Diane Bleak (resident):  Asked a question about area reps and switching the calendar. She believes she will be without representation for 120 days after the new officers are elected and before the new area reps take their seats. She believes the rules need to be changed so that area reps are elected first, before officers’ elections.

Marge Gold (resident):  There are a number of people running for office, not in a slate, and board members can choose to vote for one for each office.

Daphne Gronich (resident):  She thinks it’s helpful for the executive team to have people who have worked together before.

Peter Culhane:  If he is elected by this body to be the PPCC Vice Chair, Alan Goldsmith, the alternate rep for Area 2, will then represent the Highlands during period between the new officers taking their seats and the elected reps taking their new seats (July 1 – Oct. 1). Peter is also not “going on vacation” during that period. He is president of his large HOA, the Summit Club, is a member of the Presidents Council, and will continue to work on cleaning the swales, making sure the asphalt work is completed, and on the other matters he has always worked on – Highlands residents will be well-represented.
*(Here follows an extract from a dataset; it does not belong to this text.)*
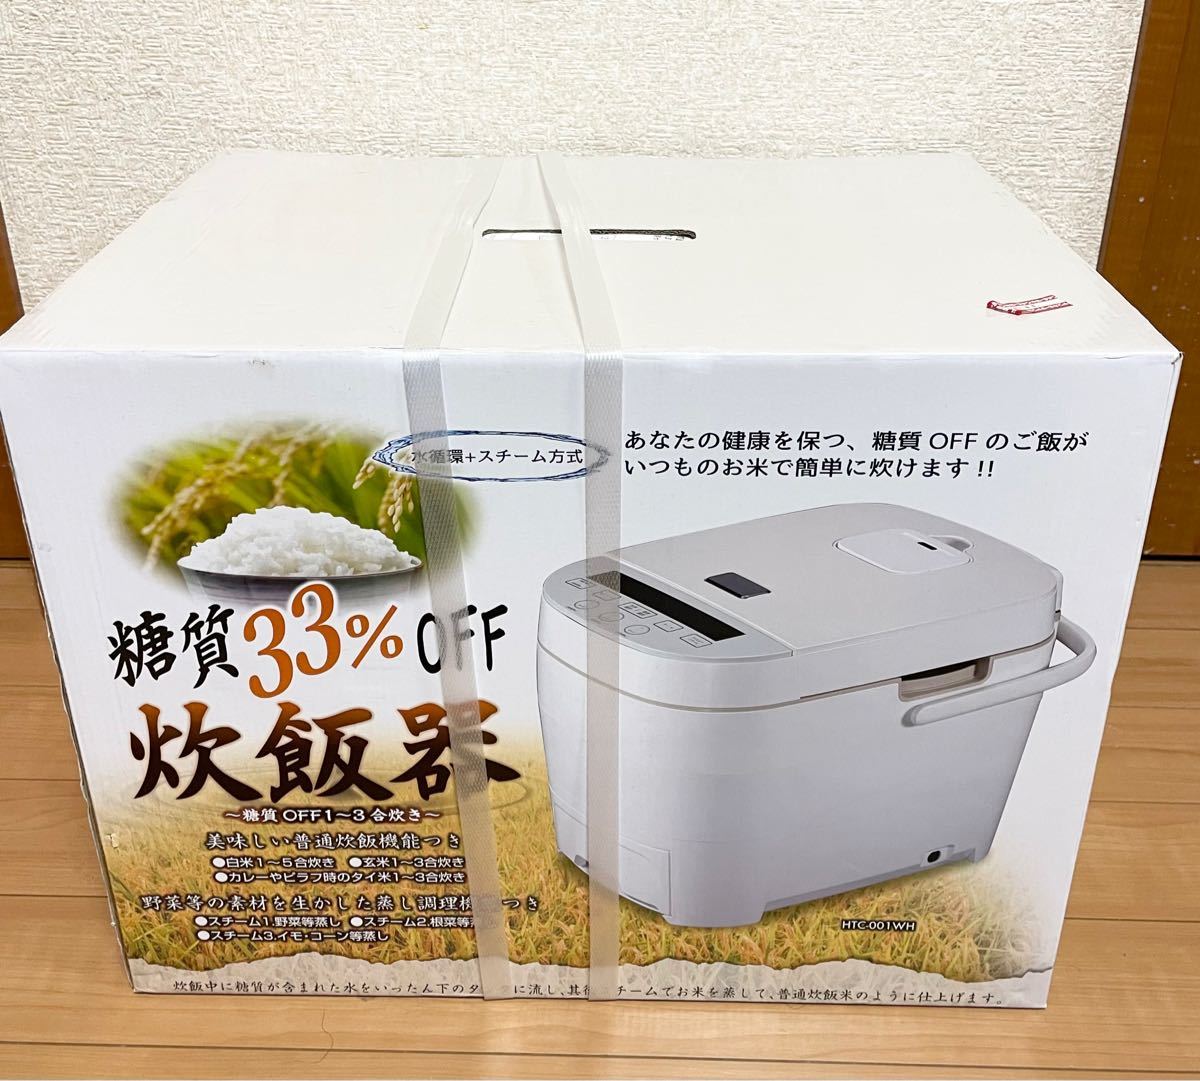 【新品未開封品】ヒロコーポレーション 5合炊き 糖質オフ炊飯器 HTC-001WH ホワイト

Robert Flick (resident):  The election process for area reps needs to be more transparent. Computer voting puts off a lot of people. He thinks the organization is broken and does not act as an NC. There are ex parte communications and conflicts of interest. He disagrees with the Chamber.
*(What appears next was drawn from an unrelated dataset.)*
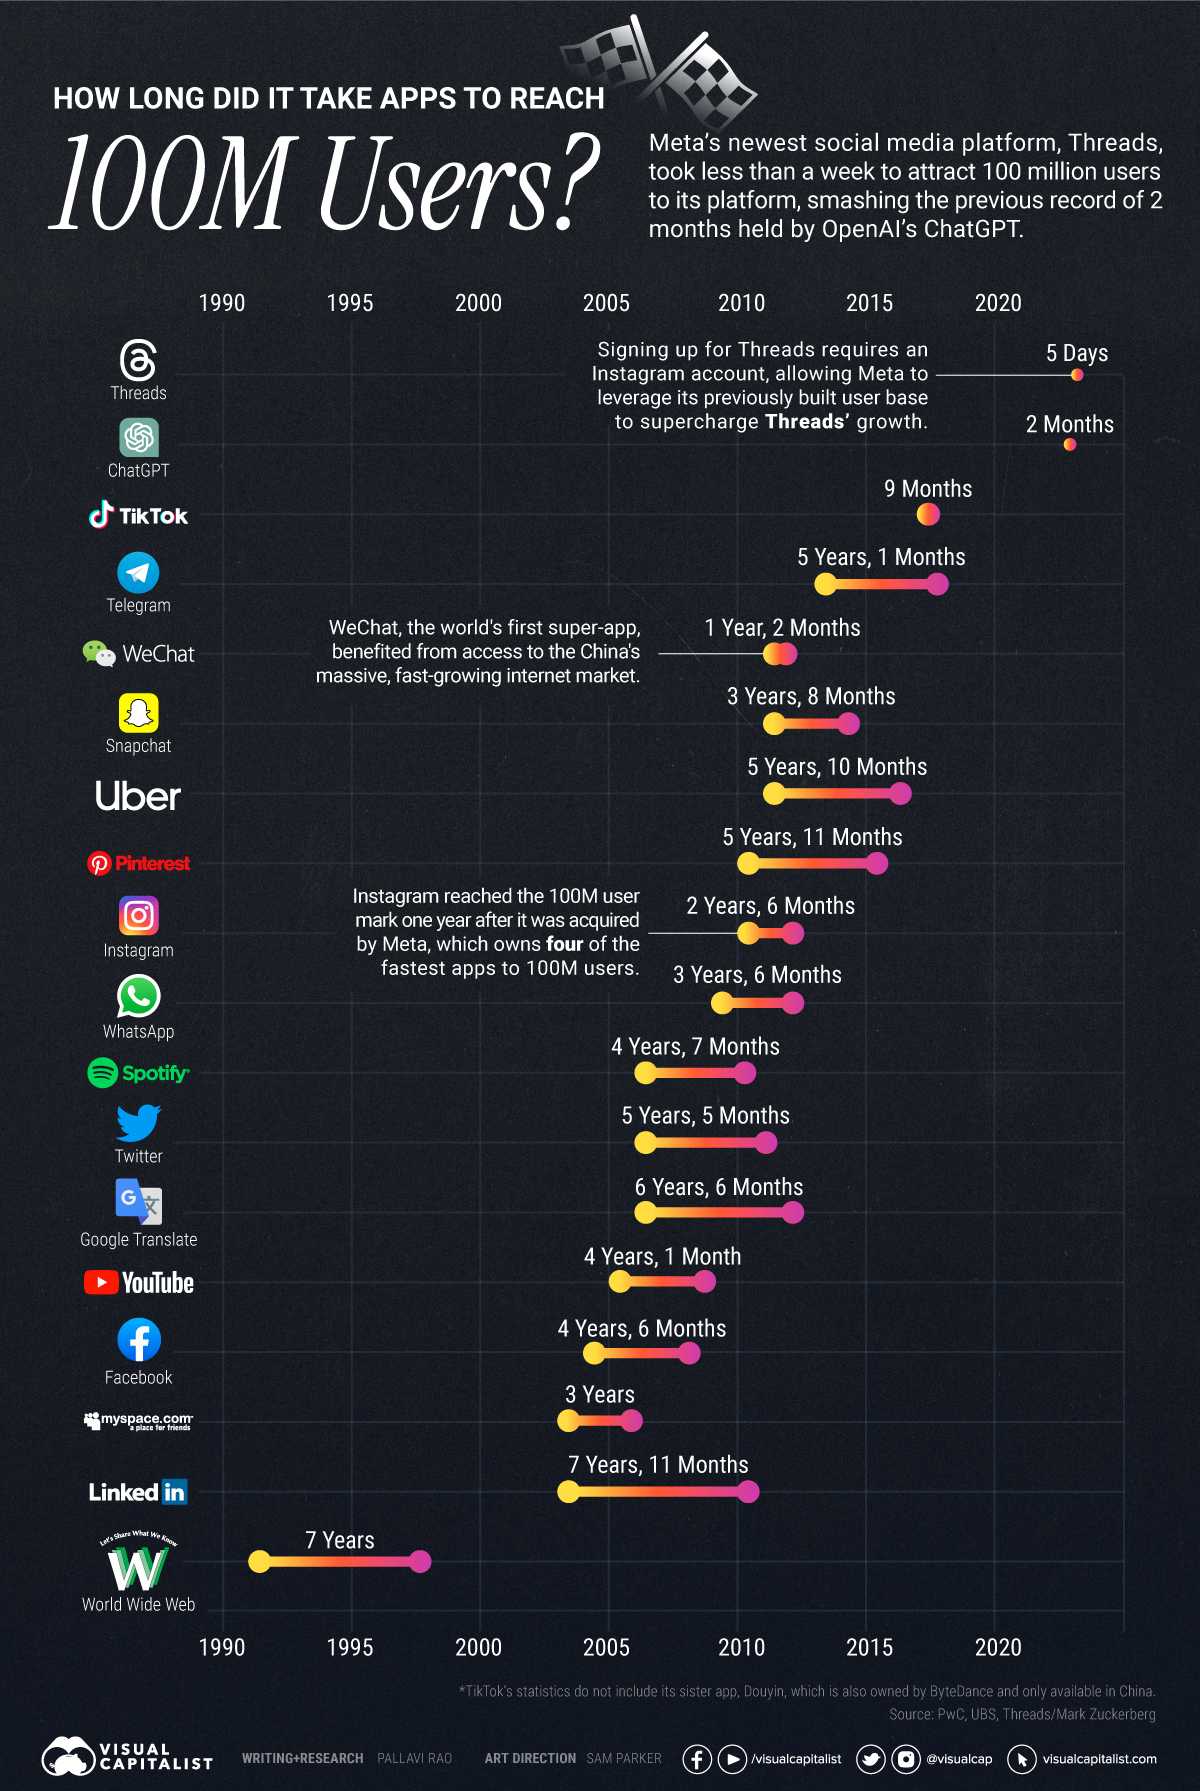 سریعترین زمان رسیدن به 100 میلیون کاربر مربوط به کدام شبکه اجتماعی است؟

Rick Lemmo:  When he first became involved he had no idea how this organization was run. Barbara Kohn, then Chair, told him that PPCC chose not to become an NC so we could be independent and if we choose we can sue City, which NCs cannot, and in addition personal financials were required to be disclosed and no one on the board at the time was willing to do that. Regarding a Highlands resident not agreeing with the Chamber:  The Chamber is made up of business owners and its decisions are based on the support of a majority of business owners; the organization needs to pay attention to the majority of its paying members.

Danielle Samulon:  The area reps vote plus all the organizational reps vote for the officers.

Marc Jackson (resident):  Would like the benefit of an NC and does not see the advantage of being able to sue the City. The benefit of an NC is far greater transparency.

Barbara Kohn:  Concurs with Danielle’s comments regarding the capability of people sitting around table. Regarding the NC issue, she acknowledged that the ability to sue the City is a concern and also explained that in the past, many people didn’t want to divulge their financial records, which used to be a requirement for NC members. Regarding the “slate” issue: When she ran for Chair she was running with candidates who all wanted to serve together. There were some questions about running in this manner, but they “sort of” did so anyway, which started the forum process. She also indicated that before becoming Chair Maryam Zar had very little leadership experience.

Chris Spitz:  Regarding the NC issue, another important factor as to why we’ve chosen not to become an NC is that NCs are not allowed to discuss or negotiate with County and State officials; due to the Palisades’ unique location with County and State resources such as the beaches, state parks and mountains, PPCC often needs to communicate with such officials as we are doing tonight. Regarding Maryam Zar’s experience, Chris explained that before becoming Chair Maryam was PPCC educational rep for a year, PPTFH Chair for two years and PPCC Vice-Chair for one year.

10.    Old Business.

10.1.    Citywide Sign Ordinance.  Update by Patrick Frank of Ban Billboard Blight (http://banbillboardblight.org/).  See additional Background re PPCC Positions at http://pacpalicc.org/wp-content/uploads/2018/03/Background-re-the-Citywide-Sign-Ordinance-%E2%80%93-PPCC-Participation-and-Positions.pdf].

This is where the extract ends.